**Data section**

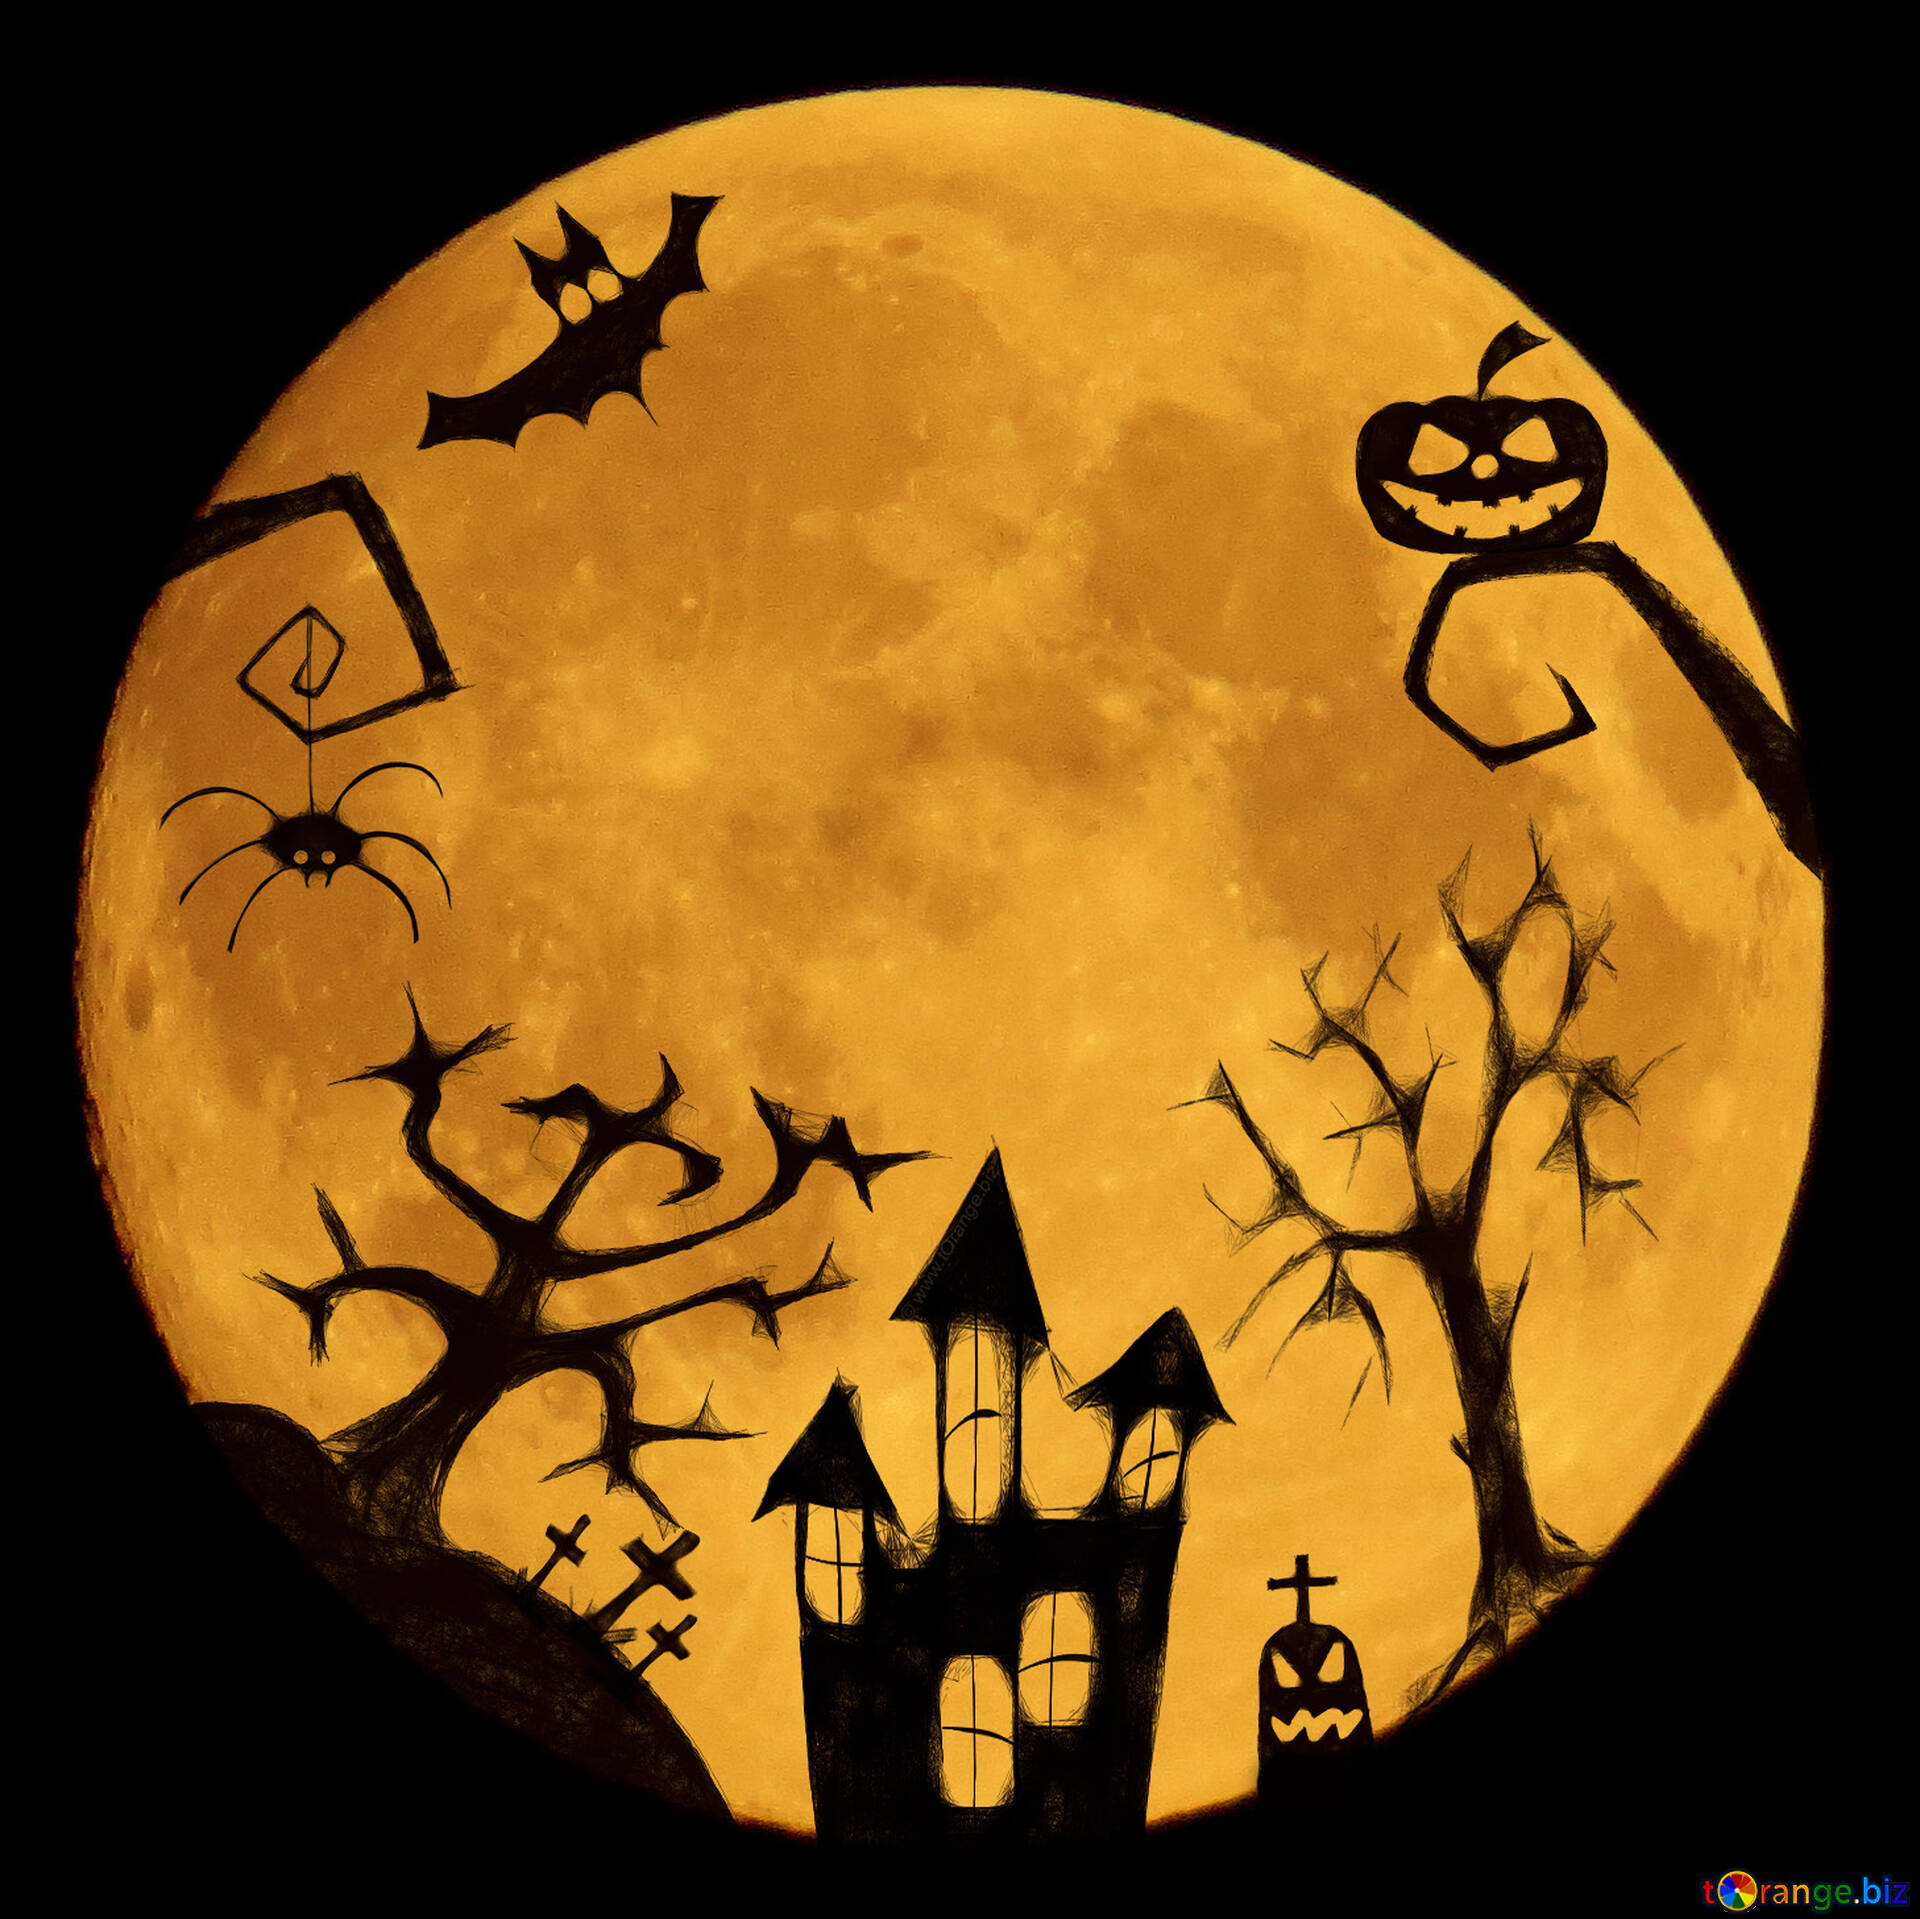 Happy Halloween Pumpkin Clipart | Clipart Panda - Free Clipart Images | Halloween  clipart, Halloween clipart free, Halloween pumpkins
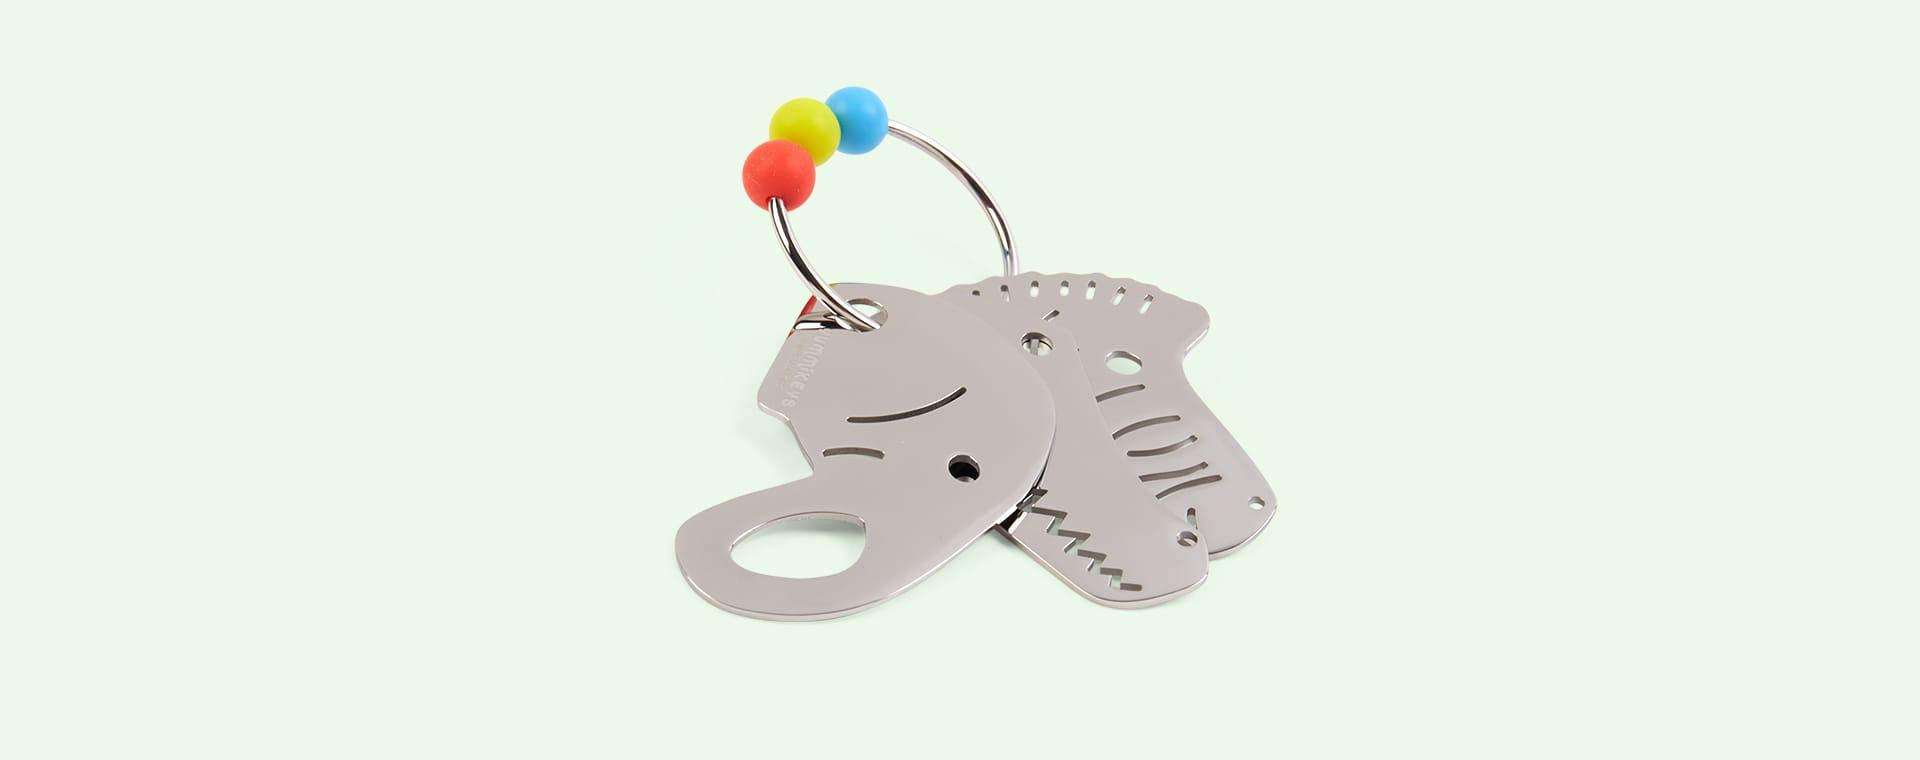 Silver Yummikeys Sensory Toy Keys
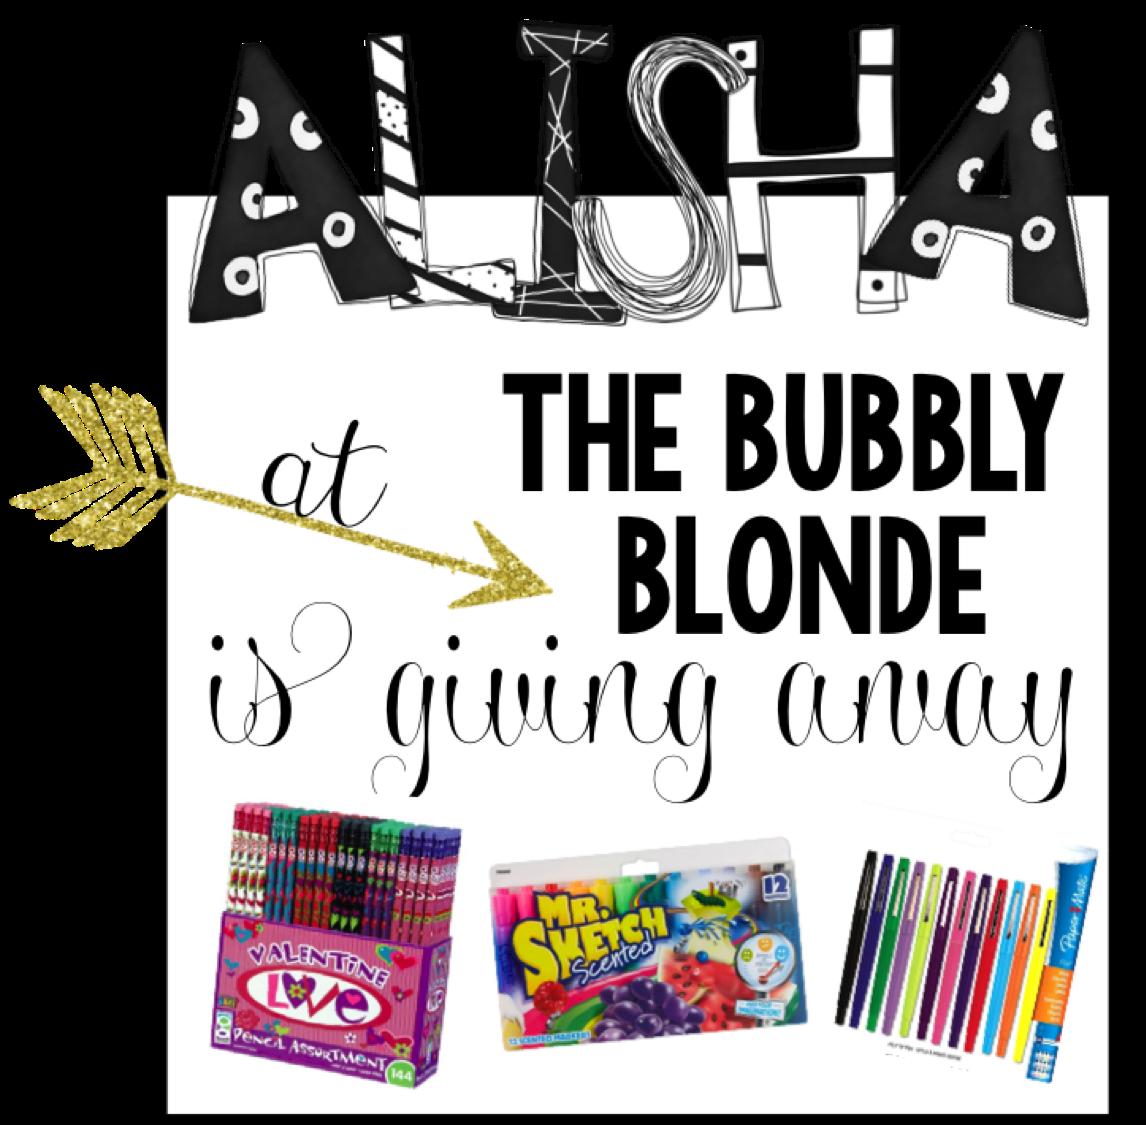 http://thebubblyblondeteacher.blogspot.com/

**Action item**
Restate every line of the listing exactly. Pictures are not part of the copy.

**Answer space**
 Happy Halloween Pumpkin Clipart | Clipart Panda - Free Clipart Images | Halloween  clipart, Halloween clipart free, Halloween pumpkins
 Silver Yummikeys Sensory Toy Keys
 http://thebubblyblondeteacher.blogspot.com/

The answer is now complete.